Using the Materialized Window Data Construct

A materialized window is a managed view of tuples passing through an input stream. The view can be based on a fixed number of tuples, a time interval, or a field value. It can also be partitioned into multiple windows. You can then directly query the data using one or more (read-only) Query operators.

How a Materialized Window Data Construct Interprets Dimension Specifications

A materialized window uses the most recently arrived tuple as the anchor point for interpreting dimension specifications. From the most recently arrived tuple, the materialized window examines previously stored tuples to determine if they fall within the specified dimension.

Tuple Based Materialized Windows

The window is configured to maintain a fixed number of tuples.

When a query is executed against the materialized window, the window identifies the most recently stored tuple and tests it and the preceding n-1 tuples against the selection criteria. The query retrieves from the materialized window a collection of tuples, selected from the most recently stored n tuples, which meet the selection criteria.

The number of tuples contained in the collection cannot be larger than n and depending on the selection criteria it is possible that the collection could be empty.

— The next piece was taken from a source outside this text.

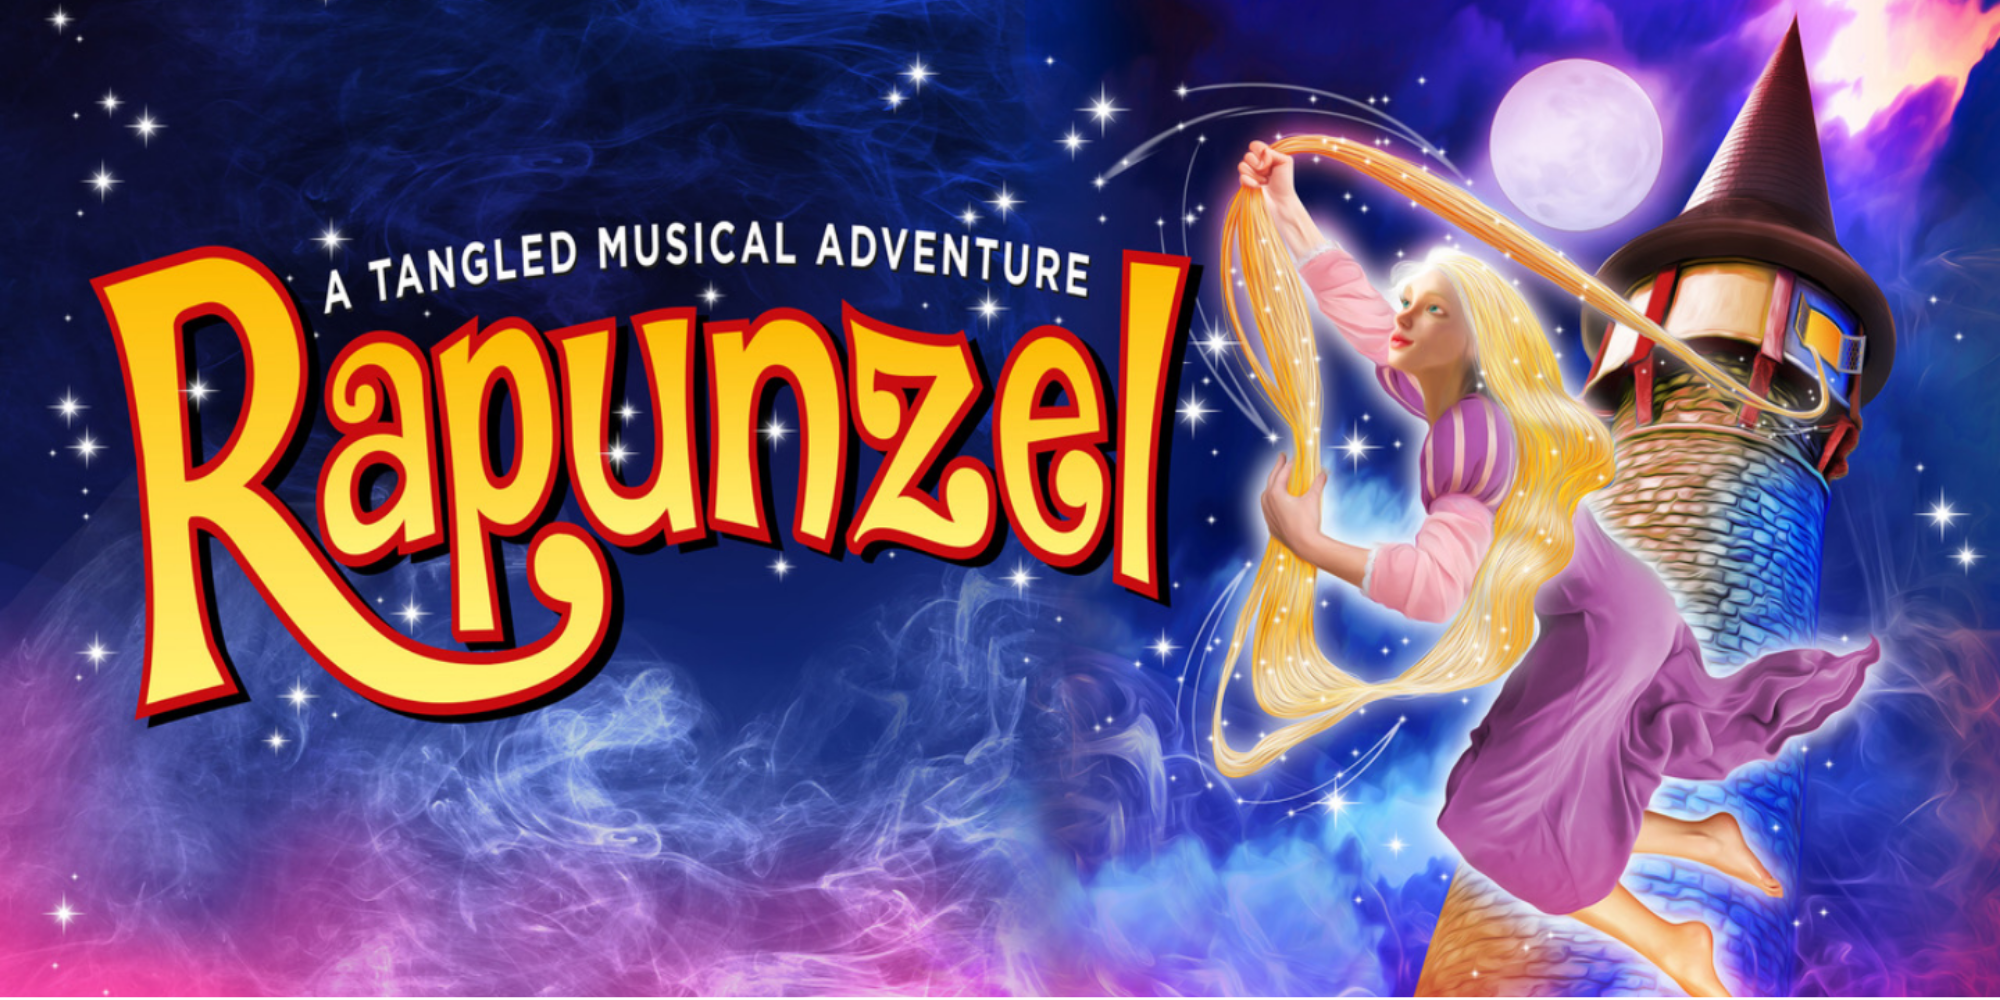 Rapunzel: A Tangled Musical Adventure!

Time Based Materialized Windows

The window is configured to store tuples that arrive over a specified duration of time.

When a query is executed against the materialized window, the window determines the arrival time of the most recently stored tuple and tests it and all tuples that arrived during the preceding s seconds against the selection criteria. The query retrieves from the materialized window a collection of tuples, selected from the most recently arrived tuple and the tuples arriving during the preceding s seconds, which meet the selection criteria.

The number of tuples contained in the collection cannot be predicted from the configuration of the materialized window since it is unknown how many tuples will arrive during the s second period. Depending on the selection criteria it is possible that the collection could be empty.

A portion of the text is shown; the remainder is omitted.